Tuesday, April 10, 2007

Imus

My father used to be an Imus listener back when my family lived in New Jersey, so I’m aware of him, though I was never a fan. Referring to “nappy-headed hos” should be a ticket to the unemployment line and permanent Media Untouchable status, in my opinion. What I find most interesting is the fact that people like Howard Fineman and Tom Oliphant—people with standing in the political punditocracy, people who are old enough and smart enough to know better—refuse to cut Don Imus loose. Indeed, they go out of their way to commiserate with the I-Man, Fineman bemoaning the fact that guys can't get away with telling racist jokes like they used to. (This Digby post pointed out the raw economic motivation for many pundits to appear on Imus: he can really help sell a book. At one point Cokie Roberts swore she would never appear on Imus’s show again, and her promise held up for a few years, until she had a new book to promote.)

Being "in" with Imus's zany crew is pretty intoxicating, evidently. It occurs to me that the appeal of Don Imus for some people is pretty similar to the appeal of George W. Bush for some people, even supposed skeptical and jaded reporters and columnists. Both Imus and Dubya come off as confident, tough-talking, shoot-from-the-hip Westerners. Just looking at Tom Oliphant (slight, bespectacled, visibly part of the East Coast intelligentsia), I can envision his being star-struck in the presence and good graces of a Don Imus. And maybe even a little intimidated, afraid to risk falling out of those good graces.

The appeal of frat-house camaraderie, the pleasures of “talking shit”—you’d think people would outgrow it. Not all of us do. Lately I find myself flashing back pretty often to college days and the needling conversations we used to have in my predominantly male circle. For better or worse, I miss that stuff. The inside jokes, the private language, “just kidding” (but not really), “just between us” (but not really). The political incorrectness of it is not the part I most miss, but it is a part of it that I used to accept, back in the day.

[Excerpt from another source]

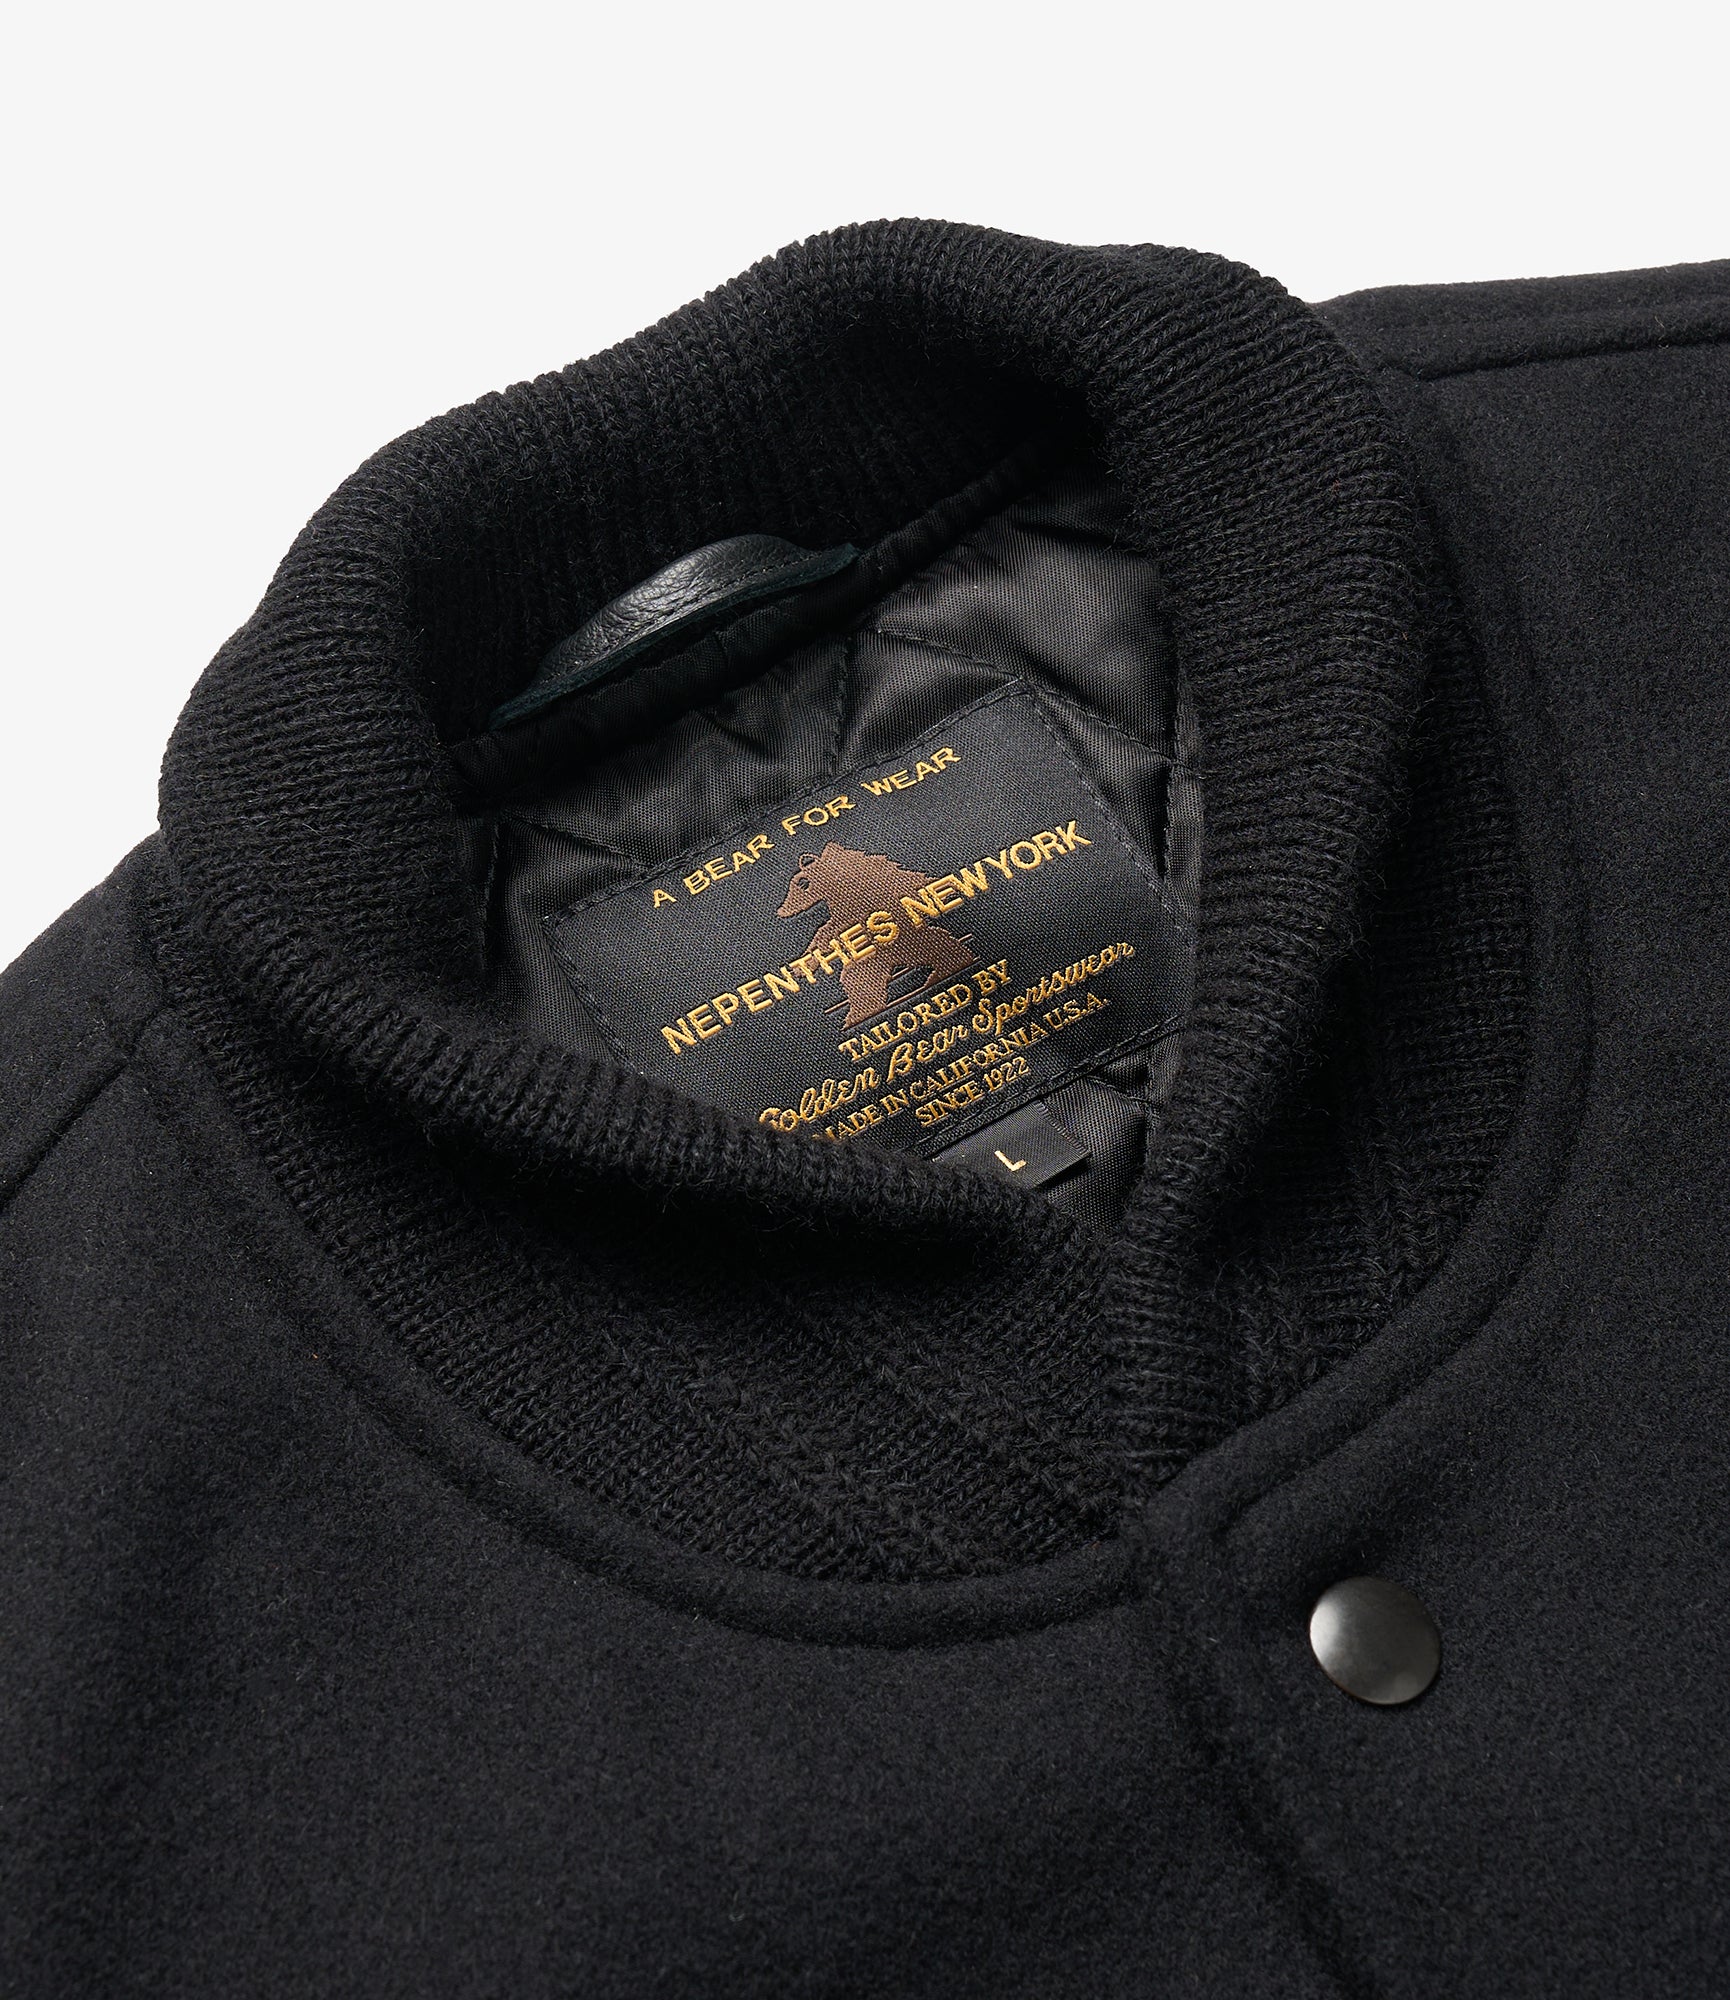 GDP x Golden Bear Varsity Jacket - Black/Black

Imus tries to have his cake and eat it too, along a number of dimensions. Eugene Robinson of the Washington Post points out that being a shock jock and being a respectable political commentator are incompatible. Imus’s show gives listeners the ingratiating feeling that he’s saying something shocking, something that shouldn’t be repeated outside present company—forgetting for a moment that it’s being broadcast live to hundreds of thousands of listeners. And many have pointed out how, repeatedly, Imus has transgressed, then grudgingly repented, then transgressed again. He occupies a no-man’s land between nice and naughty, reliable and volatile. (Again, like Dubya, who for all his righteousness likes to play the semi-reformed rogue occasionally.) Even this week, he apologizes with one breath then makes veiled threats with the next.

More from Eugene Robinson—I found this a compelling description of the appeal of talk radio:

Drive-time radio has become a free-fire zone, a forum for crude and objectionable speech that would be out of bounds anywhere else. There's an intimacy about radio. The medium creates the illusion of privacy -- it's just the jock and his or her entourage speaking to you, the listener, alone in your car where nobody else can hear.

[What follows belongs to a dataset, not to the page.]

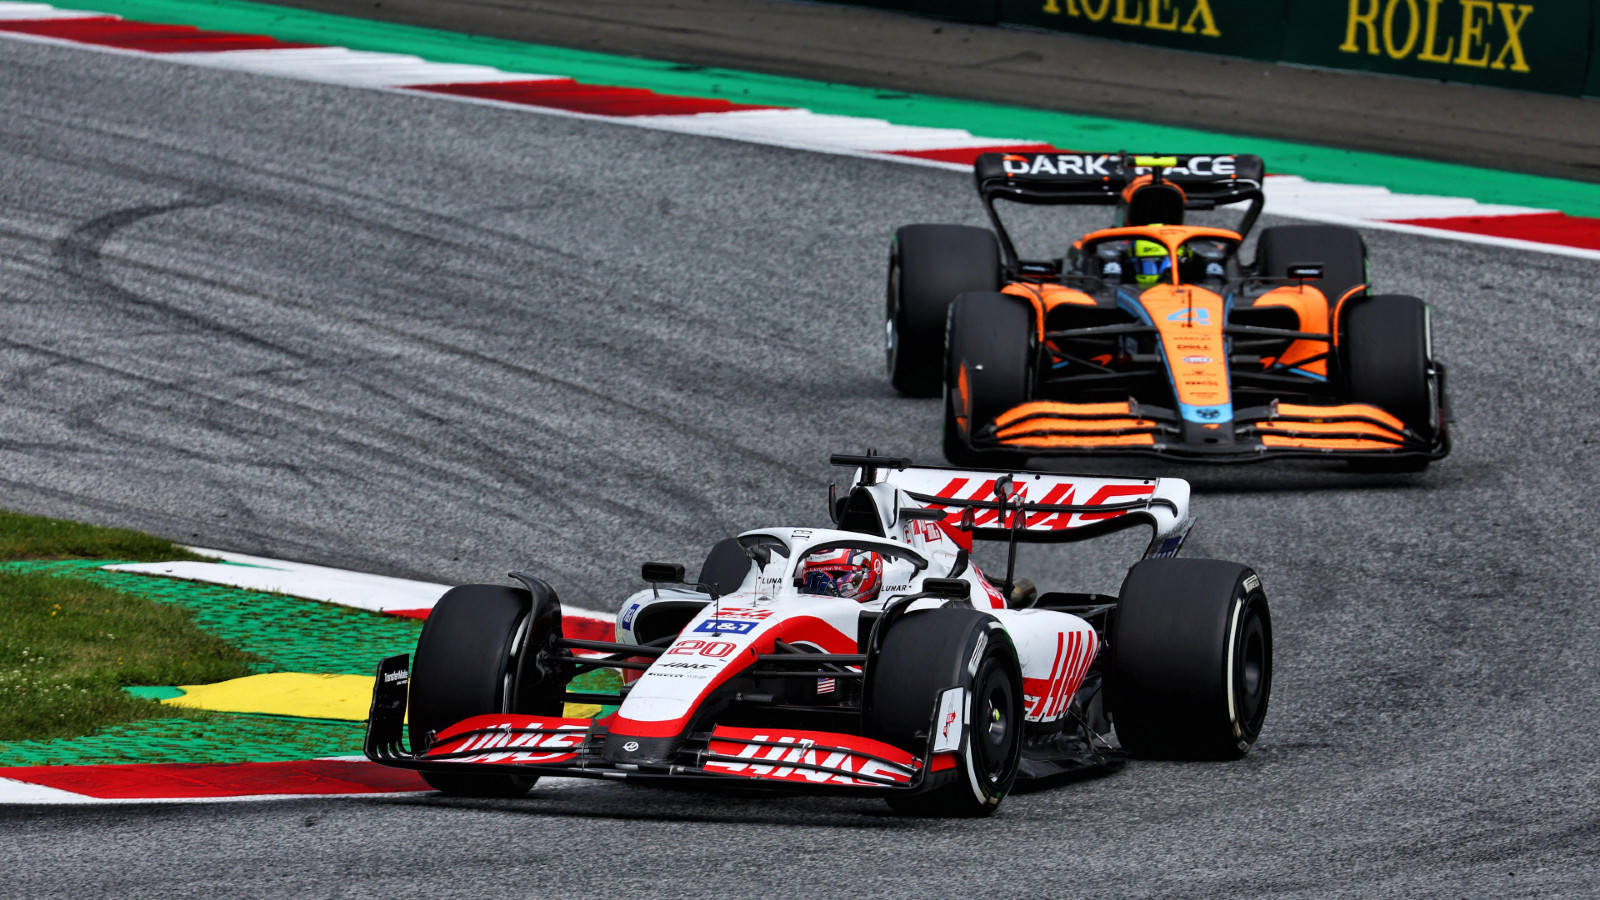 Kevin Magnussen in Intense Race with McLaren Wallpaper

Maybe, in your heart of hearts, you think some of those stereotypes are true -- about black people, or white people, or Latinos or Asians. Somewhere on the radio dial you'll find some jock who not only agrees but is willing to say so out loud, willing to ridicule those "others" and thus cut them down to size. You can have all your prejudices confirmed on your way to work. It's almost like putting on a suit of psychological armor. [emphasis mine]


Two months ago when I was writing about FM radio, I thought about the power of radio as a medium, the sense of intimacy that it carries. I also thought about the advent of shock jocks reflecting a movement in which that intimacy was exploited for unfortunate ends. (I had in mind Howard Stern as well as the Greaseman, a Washington-area DJ who eventually met a premature career death due to his fondness for racist jokes.)